STEP 5. Run a second test
Now it’s time for a million users and a prolonged examination time. Let’s put
1,000,000 users with a spawn rate of 100. Both workloads cluster and the Locust cluster itself have enough resources to cover this traffic. It shows a steady upward sloping graph. Suppose we had smaller instances for our clusters, or we gave the load generator more CPU burden, then we will be able to see the Cluster Autoscaler kicking in to add more nodes and the graph would have reflected several sudden bumps.
When our cluster needs to scale during the high peak of loads, we may see slower response time and even get 50X HTTP responses. Then we need some techniques for our clusters to be more responsive and fault-tolerant.

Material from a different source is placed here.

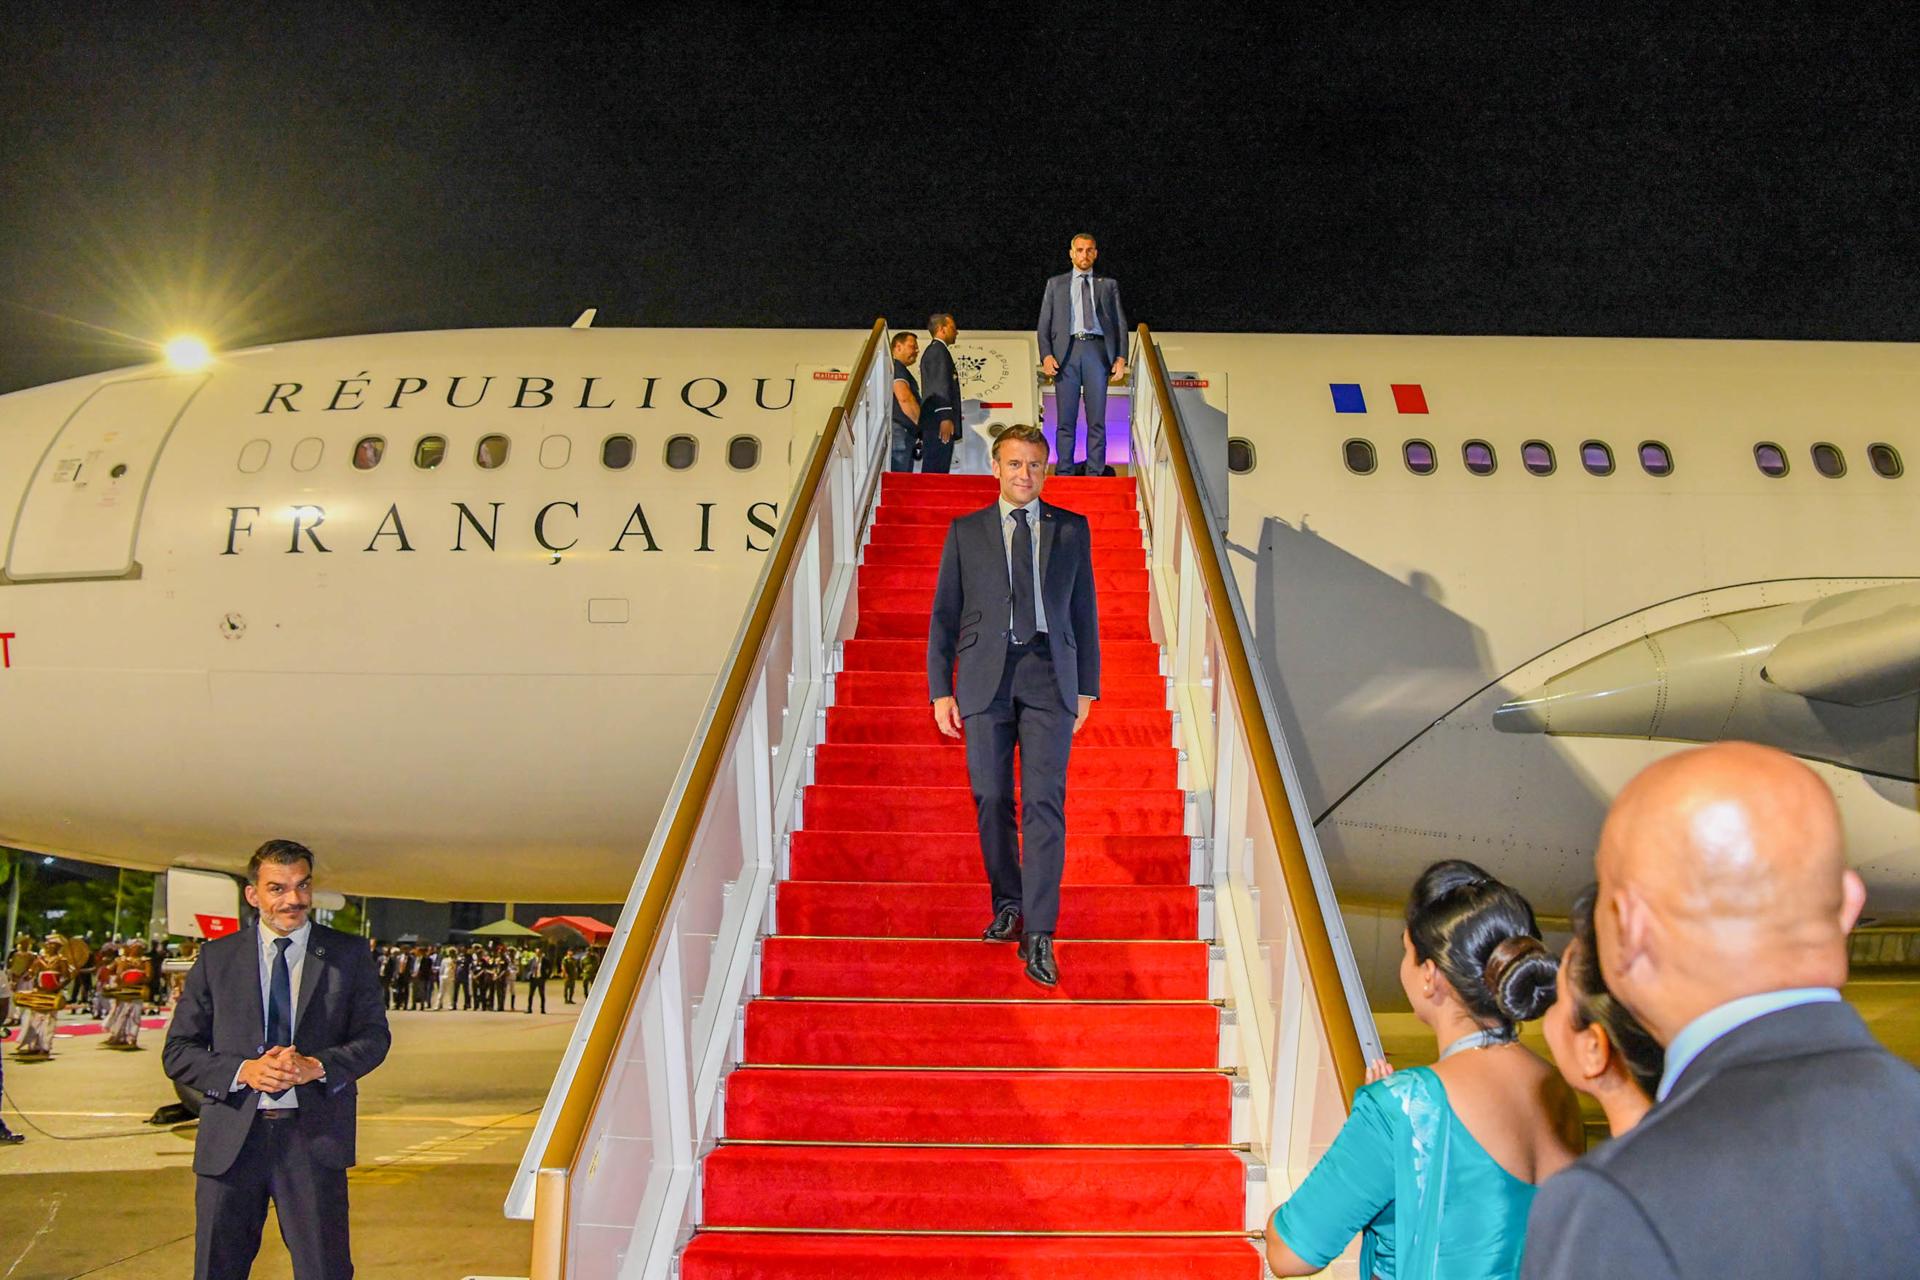 A handout photo made available by the Sri Lankan President's Media Division shows French President Emmanuel Macron arriving at Bandaranaike International Airport in Colombo, Sri Lanka, 28 July 2023 (issued 29 July 2023). EFE/EPA/President's Media Division HANDOUT EDITORIAL USE ONLY/NO SALES

Here are some tips that might be useful when you load test your own.
- Find the optimal pod’s readiness probes to minimize the time to wait for newly scaled pods.
- Fine-tune the HPA/CA configuration for the specific workloads in order for the Autoscaler to scale out within a tolerable time span.
- HPA reaction time + CA reaction time + node provisioning takes time, and node provisioning usually takes most of that time. Therefore it is useful to have a lighter AMI based on Amazon EKS optimized Amazon Linux AMIs and set resource limits for containers to ensure better bin-packing.
- Check with the scaling pod’s entire lifecycle to see if there is any bottleneck, such as a metric scraping delay, HPA trigger for pods to scale out, container image pulling, application loading time, readiness probe, and so on.
- Overprovisioning employs temporary pods with negative priority and takes ample space in the cluster. In the event of scaling action, it can dramatically reduce the node provisioning time because there already is a node ready to host scaling pods.
- Prevent scale down eviction to the CA if your node scales down during the load testing. For more information about preventing scale down eviction, refer to Cluster-Autoscaler – EKS Best Practices Guides.
- Understand the tradeoff between performance and cost. Run load tests on a regular basis to find and adjust the optimal spec of your cluster in terms of the number and type of nodes, ratio of spot instances, autoscaling threshold and algorithm etc.
- For more information about Autoscaling on EKS, please read the EKS Best Practices Guides.
When you are done with your tests, clean up all the testing resources.
It’s done. One thing to note, the script above will only take down the
awsblog-loadtest-locust cluster. Please make sure that you set TARGET_GROUP_NAME to
workload and repeat the process again to take down the
awsblog-loadtest-workload cluster as well.
In this blog, we set up two EKS clusters and tools for load testing a workload running on EKS. With the Cluster Autoscaler in action, we could clearly observe that high loads generated by Locust were handled smoothly, as expected. Locust dashboard and CloudWatch Container Insights are useful to identify the maximum loads our cluster can withstand.
We can experiment further by customizing
locustfile.py script with various testing scenarios reflecting real-world use cases. In our next blog post, we will introduce various techniques to make our EKS cluster better handle high, spiky loads of traffic during load testing.